For some time there were questions as to whether Fetterman would take part in three scheduled debates that are due to take place before election day on 8 November.

Yet this week, Fetterman told Politico he would be taking part.

“We’re absolutely going to debate Dr Oz, and that was really always our intent to do that,” he said.

“It was just simply only ever been about addressing some of the lingering issues of the stroke, the auditory processing, and we’re going to be able to work that out.”

Fredericks says there are legitimate questions to be asked about the Democrat’s health. When Fetterman’s campaign mocked Oz for a TV spot filmed in the produce aisle of a grocery store, the Republican hit back, saying if the Democrat “had ever eaten a vegetable in his life, then maybe he wouldn’t have had a major stroke”.

“I think it's a legitimate issue. Look, when you are having trouble doing basic functions and you don't want to debate because you've got health issues – I mean, I think that's going to be an issue in the campaign.”

John Fetterman recently appeared at an event with Joe Biden
John Fetterman recently appeared at an event with Joe Biden (AP)

Fredericks claims the bigger issue for Fetterman is his brand of politics.

While many observers might label the former Lt Gov as a liberal member of the Democratic Party, the radio host claims he is far further to left.

“Here's the main issue: John Fetterman is a communist, John is an avowed Marxist. This is the most radical left wing, Marxist candidate, probably in the history of America leading a Senate race,” he claims.

“This guy is to the left of Bernie Sanders. At least Bernie Sanders has some reasonable positions. This guy wants to lead criminals out of jail, he wants to legalize all drugs, he wants to arrest corporate executives and business owners for raising prices. I mean, that's right out of Karl Marx.”

Fetterman has proposed legalising cannabis but not all drugs He has supported eliminating mandatory life sentences for people convicted of second-degree murder but not “eliminate all life sentences for murderers” as Oz’s campaign has claimed.

On the issue of committing price gouging, Fetterman’s campaign website says: “It’s time we crack down on the big corporations who are making record profits while jacking up prices for all of us. We need to prosecute the executives of huge corporations, including the big oil companies and meatpacking companies who are artificially driving up prices, gouging consumers at the pump and at the grocery store.”

Fetterman’s campaign did not respond to questions from The Independent.
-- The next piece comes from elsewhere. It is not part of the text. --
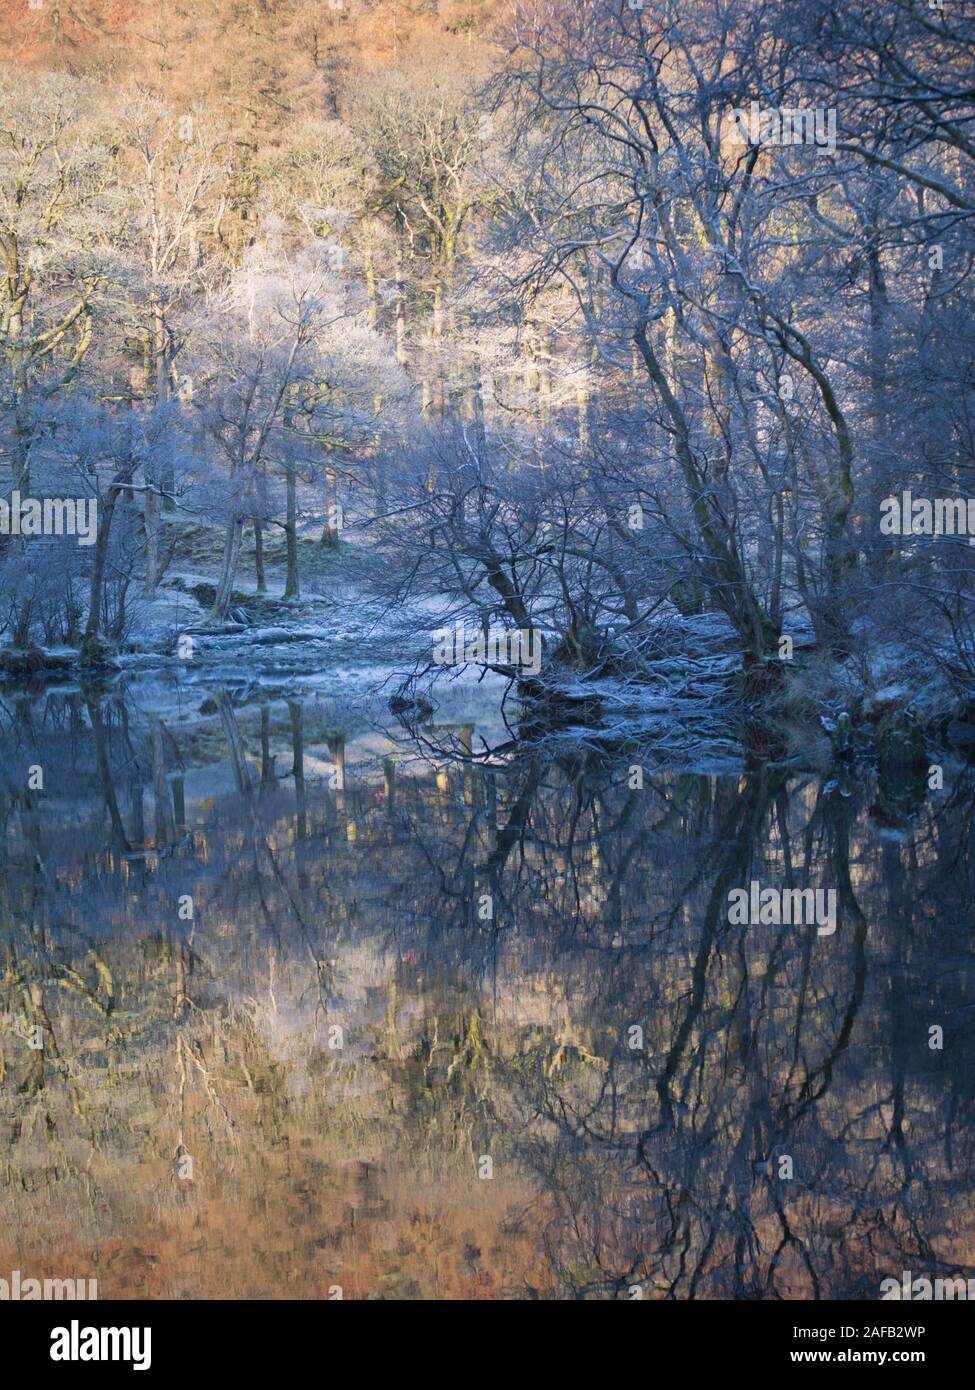 Reflections of trees on the River Derwent with hoar frost laced trees on a winter's day in Borrowdale, the Lake District, Cumbria, England. Stock Photo

One issue on which there is little debate is the importance of Pennsylvania in the upcoming election, the seat having become open after Republican senator Pat Toomey said he was not running again. (The other senator is Bob Casey, a Democrat.)

Democrats are keen to win the open seat as they try to hold onto the Senate, while Republicans will probably require it if they are to flip the upper chamber.

Millions of dollars have already been spent on the race, while many strategists think Republicans would have had a better chance if Trump had not endorsed Oz and the party’s candidate had been someone such as David McCormick, a CEO who adopted a more mainstream position but narrowly lost to Oz in the primary.

“All roads to a Senate majority for the Republicans and for America first leads through Pennsylvania,” says Fredericks.

“You absolutely have to win Pennsylvania. You know the math.”